The most egregious cases making recent headlines -- the Nemeroffs and Biedermans -- are not excusable, Markowitz said, but are bound to happen with or without more extensive regulation of the physician-industry relationship. Bad apples are a fact of life, he said.

Where the two camps -- those who would call physician-industry relationships conflicts of interest and those who might not -- might find room for compromise is in financial disclosure guidelines. The IOM’s report called for doctors to report their industry-related earnings as an essential “first step” in identifying and responding to conflicts. While the IOM goes further in suggesting restrictions on the ways doctors ought be allowed to collaborate with industry, and Stossel and Markowitz mostly cringe at those recommendations, that first step of financial disclosure is generally not in dispute.

Both Stossel and Markowitz said they have drawn income from industry-related activity -- Stossel added he’d be happy to disclose the figure if “we level the playing field by publicizing the salaries, bonuses and board fees of academic administrators and high-profile medical journal editors who are demanding or making the disclosure and prohibition rules.” Stossel did say that he has advised biotech companies, participated in speaking engagements and has “licensed to a company and made money” off his research. “That’s what I went into this business to do, to do something creative to help patients,” he said.

Henry Black, clinical professor at the New York University Langone Medical Center and another speaker slated for ACRE's July conference, said full disclosure is "perfectly fine" -- that patients could decide for themselves if industry-related income implies bias -- but that now, because of a heightened public attack on conflicts of interest, "people assume if you get any money you're dirty."

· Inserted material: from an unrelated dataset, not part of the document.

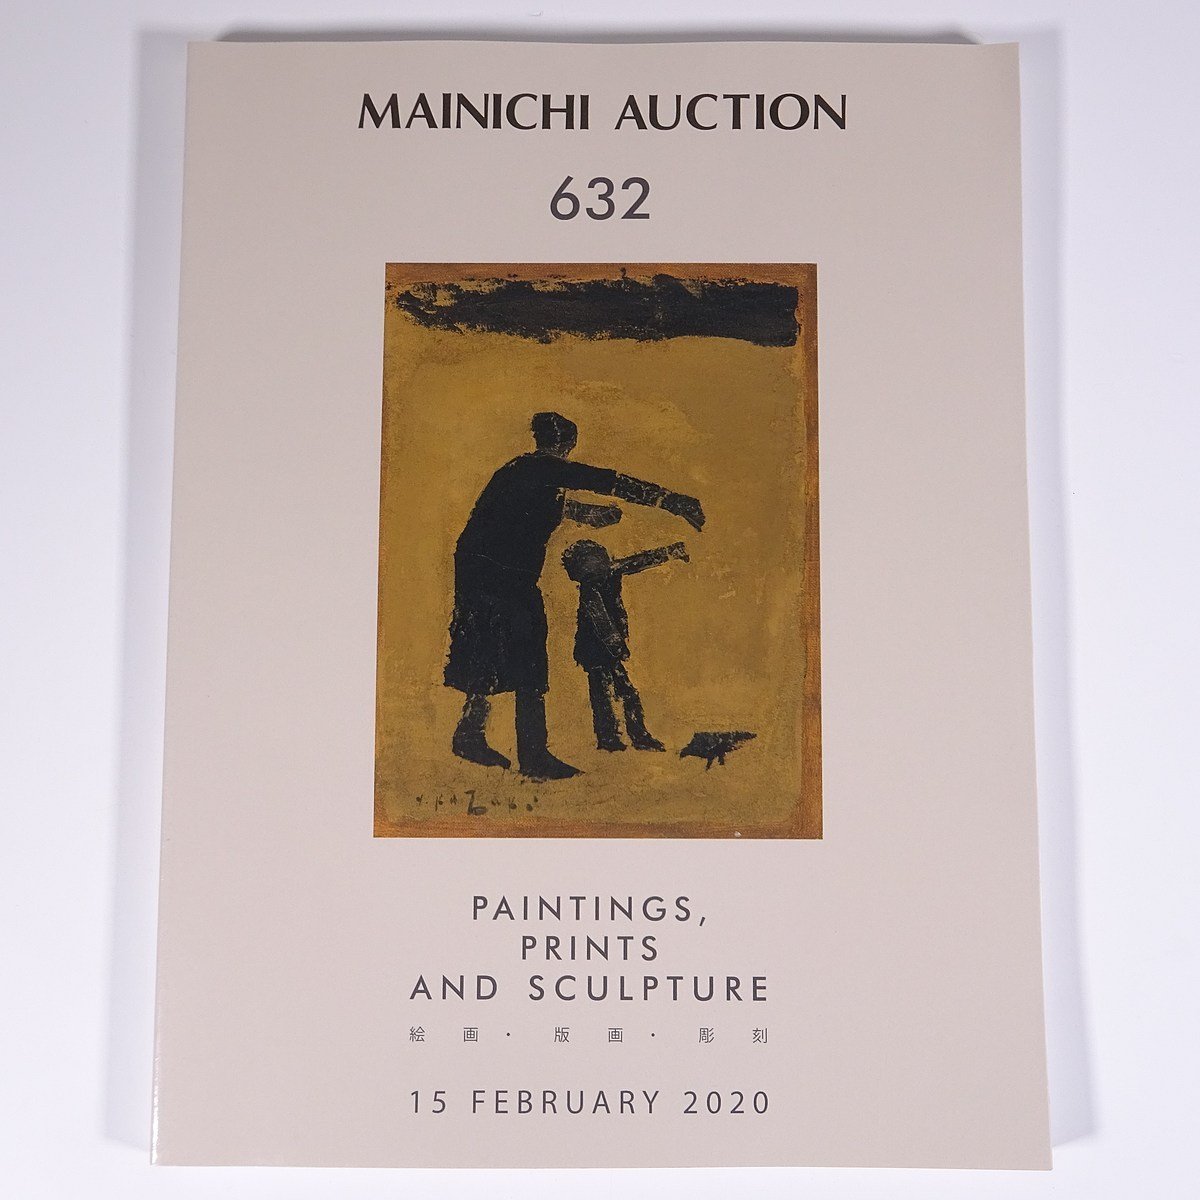 मेनिची नीलामी 632 पेंटिंग्स, प्रिंटों, और मूर्तियां 2020/2/15 मैनिची नीलामी बड़ी किताबें नीलामी सूची सूची कला ललित कला, चित्रकारी, कला पुस्तक, संग्रह, सूची

Markowitz, who said that over the course of a quarter century he’s worked with a majority of the major players in pharmaceutical development, fully supports financial disclosure requirements (on top of his $350,000 salary, Markowitz said he’s made as much as $30,000 in a year from work with industry, while in most years he collected half that). Speaking freely about his non-salary income, Markowitz did add a caveat: “If you want me to do it, shouldn’t you make the politicians do it? The journalists?”

Markowitz also added that an arbitrary cap on how much a physician can receive is unreasonable. If a physician is accurately reporting his industry-related income, Markowitz said, the level of scrutiny of that doctor’s relations will naturally intensify with higher reported amounts.

It’s far from dirty money, Stossel says -- in fact, he added, he takes a biannual trip to a remote village in Zambia to see about a thousand people in need of health care: “And I can afford to go because of my ill-gotten commercial gains.”